The small business market in the UK has been growing for many years as the entrepreneurial spirit continues to expand in the UK, and the main clearing banks have a firm grip of this market.
They have repackaged their products and offerings to take in every possible requirement for small businesses, but these do come at a cost.
There are many different varieties of loan including:
· Delayed initial repayments, to ensure your business has sufficient cashflow in the early days,
· Interest only loans, which defer the capital repayment until the end of the loan. Again this is very useful for cashflow, but can result in a substantial hit at a later date.
· Staged loan drawdown, thereby reducing the amount of interest payable. Capital is only released as and when required.
· Many banks offer the opportunity to change your payment terms and loan amount on an annual basis, which means that you can tailor your needs to the performance of your business.
· Repayment holidays. In effect you are deferring interest payment, which you will need to repay at a later date, with additional interest. Again, this can be very beneficial for cash flow if you business is going through a quiet period.
· Many banks allow loan over payments, which can either go against paying the loan off quicker, or can be redrawn if required at a future date. An early payment will result in a reduction in future interest payments.

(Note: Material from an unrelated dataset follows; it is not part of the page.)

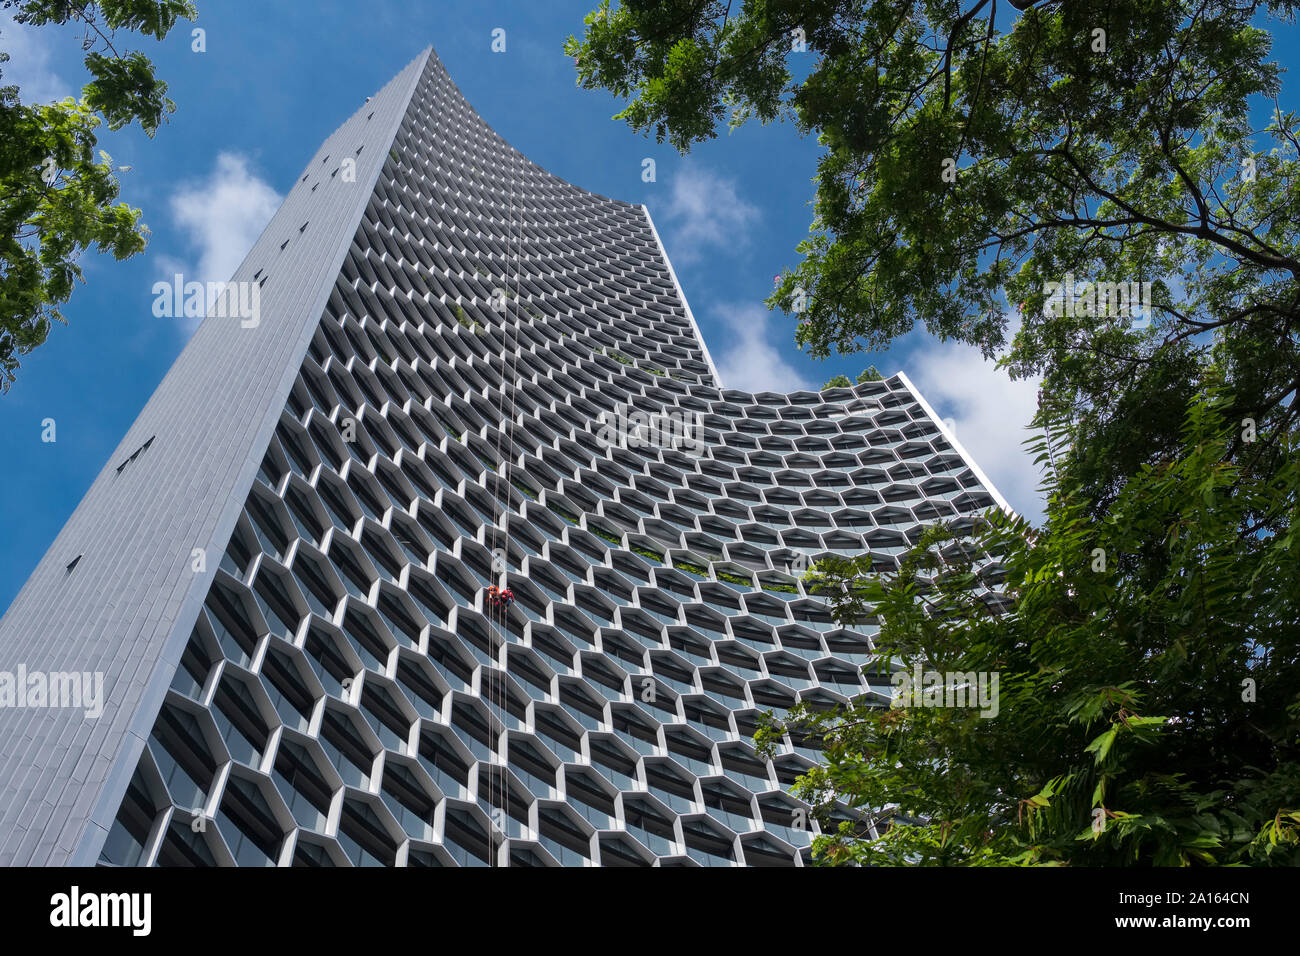 Singapore: the DUO twin towers (architect Buro Ole Scheeren). Steeplejacks cleaning the metal structure Stock Photo

In essence the banks have been very quick to react to a need for highly flexible borrowing instruments, and while these can be very beneficial to smaller businesses, they do come at a price with banks often charging various administration fees in return for the greater flexibility.
As strange as it may sound, one of the main reasons why many small businesses fail is the fact that they do not borrow enough. An under funded business is starting from a weak position to begin with, and it is often better to borrow more than your initial requirements so that you have the option of repaying the excess early.
In the early days of trading, before a business is able to build up a reputation and may be trying different sales methods, cashflow is vital. Cashflow is essential for reinvestment into the business, and to allow the company to expand.
Many banks see borrowing agreements with smaller businesses as an investment for the future, as some of these businesses may well become the large conglomerates of tomorrow.